Inside the White Sox's #SoxSocial Lounge

(Riley Blevins )
May 22, 2013|By Riley Blevins @Riley_Blevins | RedEye

A handful of elderly folks stopped, peered past a set of double glass doors, scratched their heads and were on their way.   

“Why’s there a bird on the door?” one passerby said, index finger stapled to her chin and forehead scrunched. 

The younger crowd had a much different reaction.

Once the youngsters spotted the sign that hangs just below Section 154 at U.S. Cellular Field, a slight nod of the head and a casual peek inside came to be expected.  

“This is pretty convenient,” 19-year-old Dylan Goll said.

What was all the commotion about?

The White Sox on Monday opened its #SoxSocial Lounge, a special social media room for fans and the first of its kind in Major League Baseball.

The lounge features multiple televisions--many streaming different White Sox social media content such as the team’s Twitter feed and Instagram--two mobile phone charging stations and a few tables and couches to just sit and relax.

Additionally, the lounge is expecting to add two large tables equipped with 16 charging units next month.

Hanging from the lounge’s walls are pictures of White Sox players with their respective twitter handles printed below.

“We wanted to give our fans an added value and connect the social media side of the game with the in-game experience,” said Nicole Saunches, the White Sox director of mass communications. “They can connect with us and the team.

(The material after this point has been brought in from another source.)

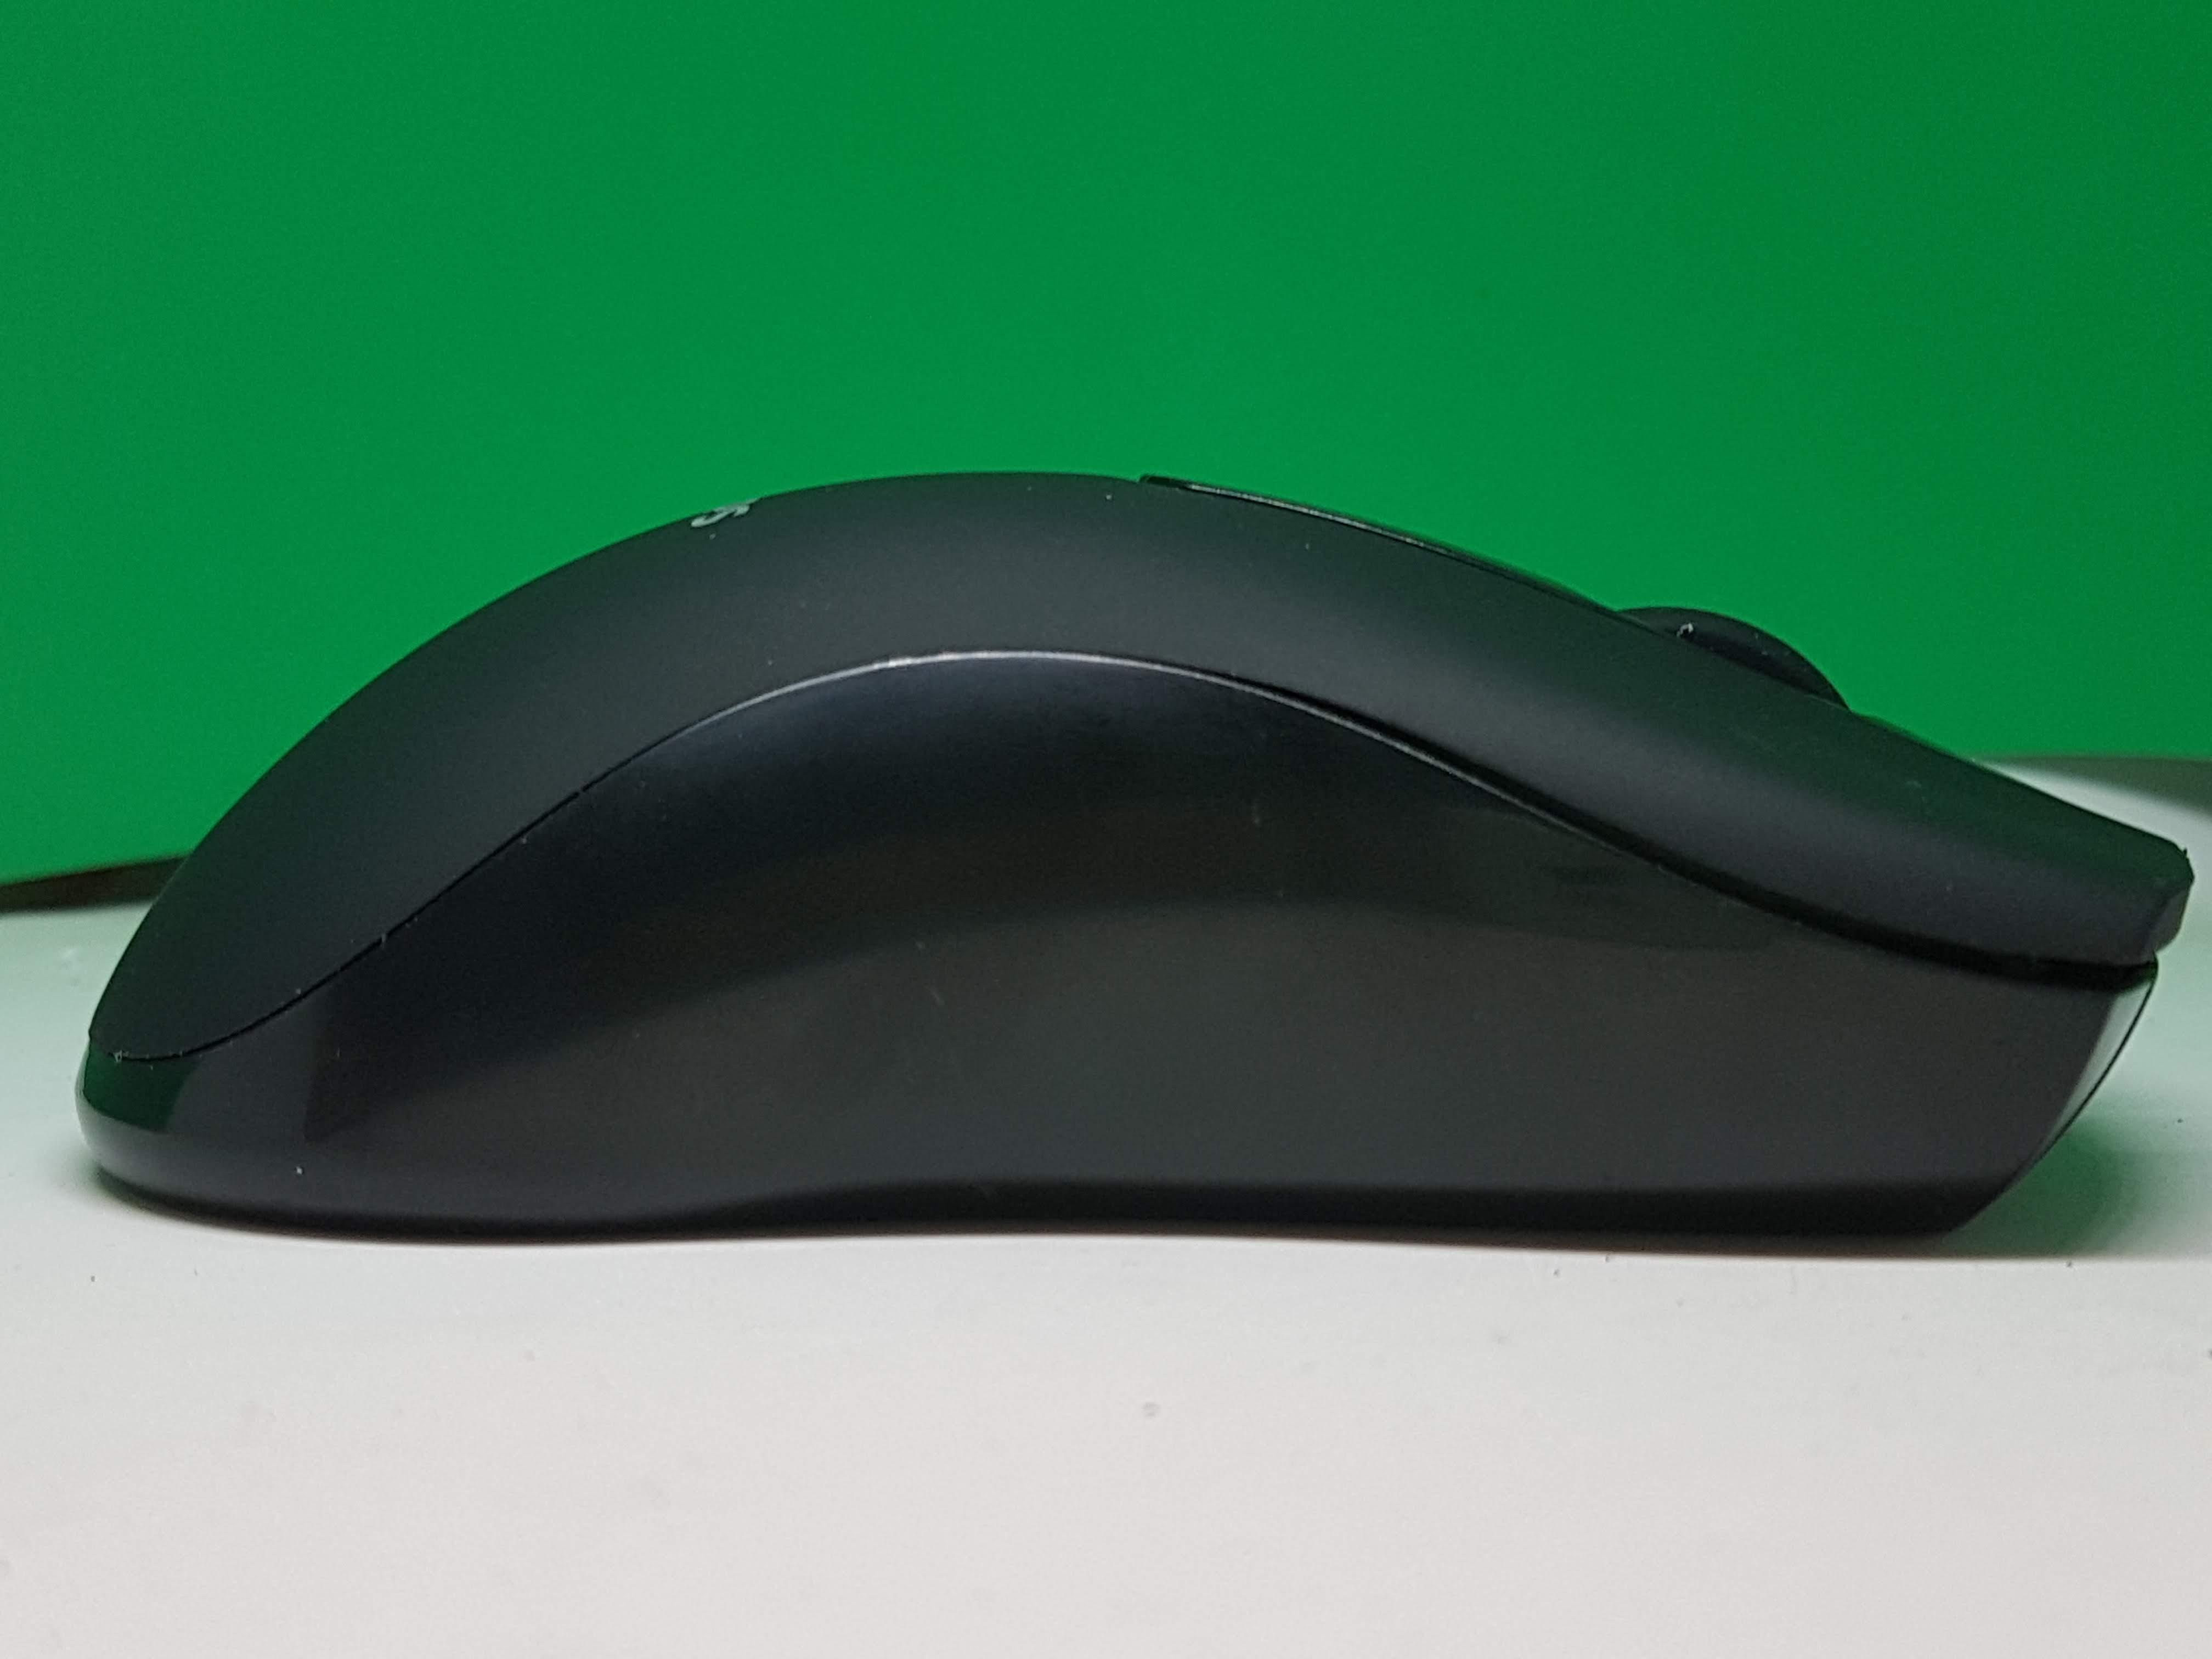 Philips-Souris-M200 - Souris-Philips-M200-13.jpg

It just adds value for the fans, and it’s just a nice place to come and relax.”

Goll, alongside his friends Adnan Jahan and Derek Bolman, would agree.  

The group of 19-year-olds from Kildeer said they were sitting in their seats along the third-base line when the ballpark’s jumbotron informed them of the lounge.

“Yeah, I mean it’s cool, nice and relaxing,” Goll said. “And that couch is comfy.”

38-year-old Pete Alvarado from Bridgeport entered the lounge in desperate need of a phone charger.

With his phone plugged into one of the two charging docks, Alvarado climbed aboard one of the lounge’s several seats.

Alvarado began asking Saunches questions about the social media shown on the televisions. Not long after, Saunches was educating Alvarado about Pinterest--a social media site he’d never heard of--and had the White Sox’s page pulled up on one of the lounge’s TVs.

“I came in for a second to charge my phone, and now I think I’ve been here a half hour,” Alvarado said. “It’s pretty great. It’s a little empty right now, but I think everyone will be using it once they find out about it.”